Pornhub’s 2016 Year in Review ranked the word “Asian” alongside “lesbian” and “step-mom” in the top 20 search terms of the website. This fetishization of Asian women even has a name: “yellow fever”. And it is mostly based on that image of subservient and submissive women constructed throughout the years, opening space for violence, abuse and racism. “Yellow fever” objectifies an entire group of people and reduces them to stereotypes, creating this idea that Asians are all the same, instead of recognizing their personhood. So in a society that prioritizes individualism above all, this erasure of personality is a form of dehumanization.
The lack of individuality that follows the Asian community makes room for the “model minority myth”. The idea that Asians are more diligent, hardworking students and more successful may seem harmless, like any other stereotype, and maybe even positive. But the connotation that Asian people always stand out and therefore overcome the struggles of other people of color hides the prejudices and erasure they face in their everyday life. It reinforces that Asians are perpetual foreigners, making them often deny their identities and whitewash themselves to fit society’s standards. And beyond that, the model minority myth is commonly used to discredit other minorities, such as black and muslim people.
In order to deconstruct those stereotypes, a couple of initiatives and collectives are starting to pop up. All the way down in Brazil, the country with the biggest Japanese community — outside Japan — in the world, there is the Lótus PWR Platform. Composed by women of Japanese, Chinese and Korean ancestry, it even extended its scope to include women of Indian, Middle Eastern and Southeast Asian origin, proving that the term “Asian” should cover the whole continent, and not only the East part. The collective brings together Asian activists and artists and promotes a study group on Facebook about Asian Feminism. The creation of yet another feminist group does, however, induce some criticism. In response, Laís Miwa Higa, one of the founders of the group, said in an interview to Carta Capital, a Brazilian magazine: “A lot of people say that (…) it divides, breaks up, but actually, maybe society had already separated those groups. Didn’t these people already feel separate from an idea of Brazilianness and citizenship?”
Up in the USA, coming right after Brazil in the quantity of Japanese people living in the country, there is the Sad Asian Girls Club. Founded by Esther Fan and Olivia Park, both students of the Rhode Island School of Design in the USA, it is a self-funded and self-managed collective by and for Asian-American women who aim to break that passiveness and silence. They have already done quite a few projects, such as a three-part serie all about the model minority myth, pointing out the social standard Asian people are put into and how to dispel these stereotypes. Their first project, a video called “Have you eaten”, is all about the box that Asian women are forced to put themselves in, often even by their own families. Another project, this time a physical one, consisted of a serie of posters loudly proclaiming that “Asian women are not all quiet”, or that “Asian women are not your fetish”, or that “Asian women are not submissive”. It started as an online form, in which women could complete the sentence “Asian women are not_____”. Later, the answers were turned into posters and displayed around their University.

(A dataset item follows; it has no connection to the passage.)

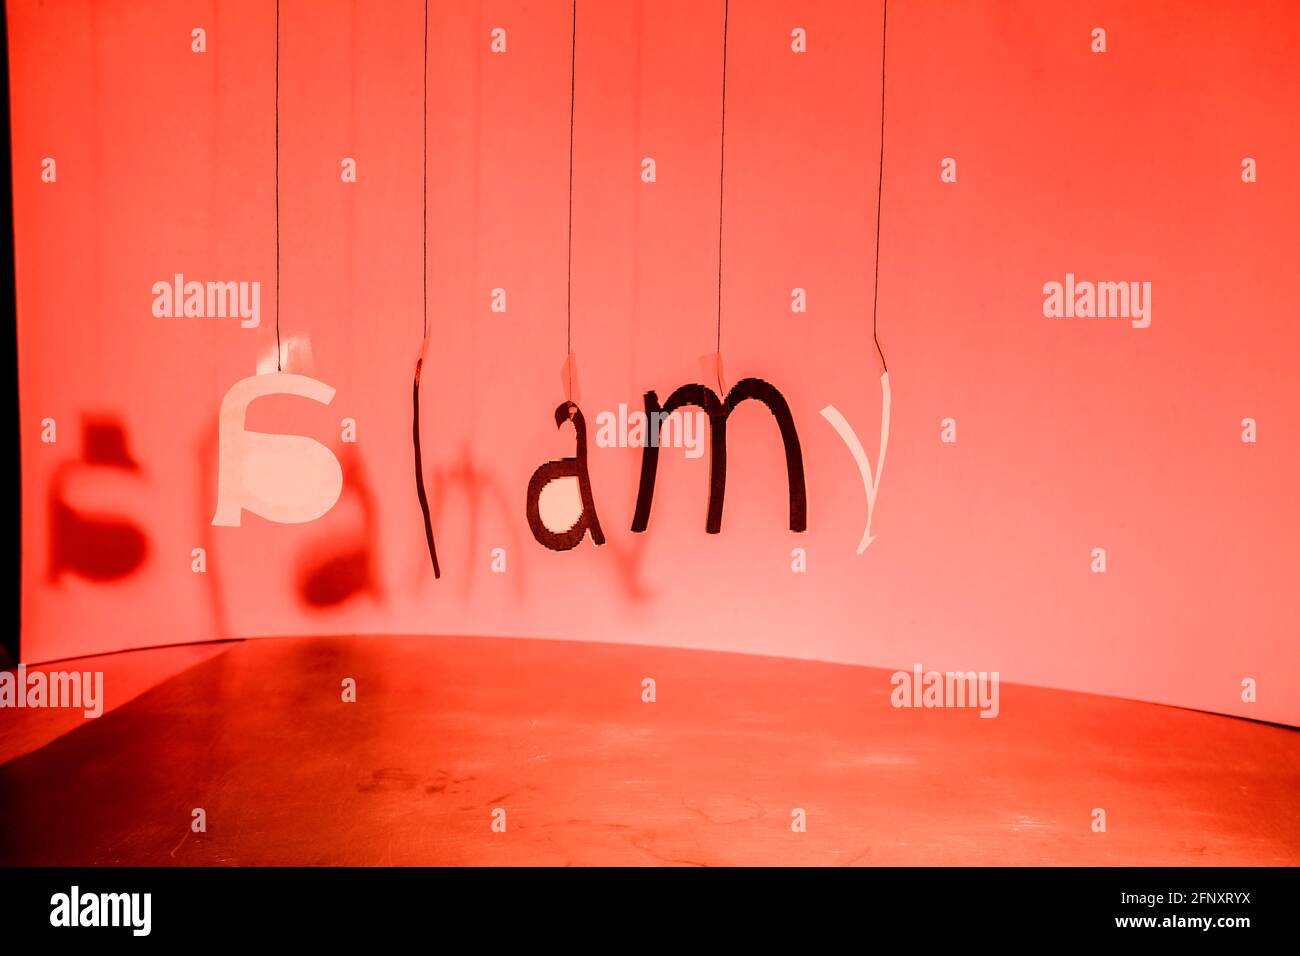 Les lettres accrochées à des fils forment, dans un certain désordre, le logo Alamy. Copier l'espace... Banque D'Images

Besides these, there are still other initiatives, such as Perigo Amarelo Facebook page, The Coalition Zine, The Middle Eastern Feminist Facebook page and Reappropriate website.
Race and gender have always been intrinsically connected and should be discussed in unison. People of different racial backgrounds have different social experiences. And we, yellow women, are not all quiet. We want to speak up.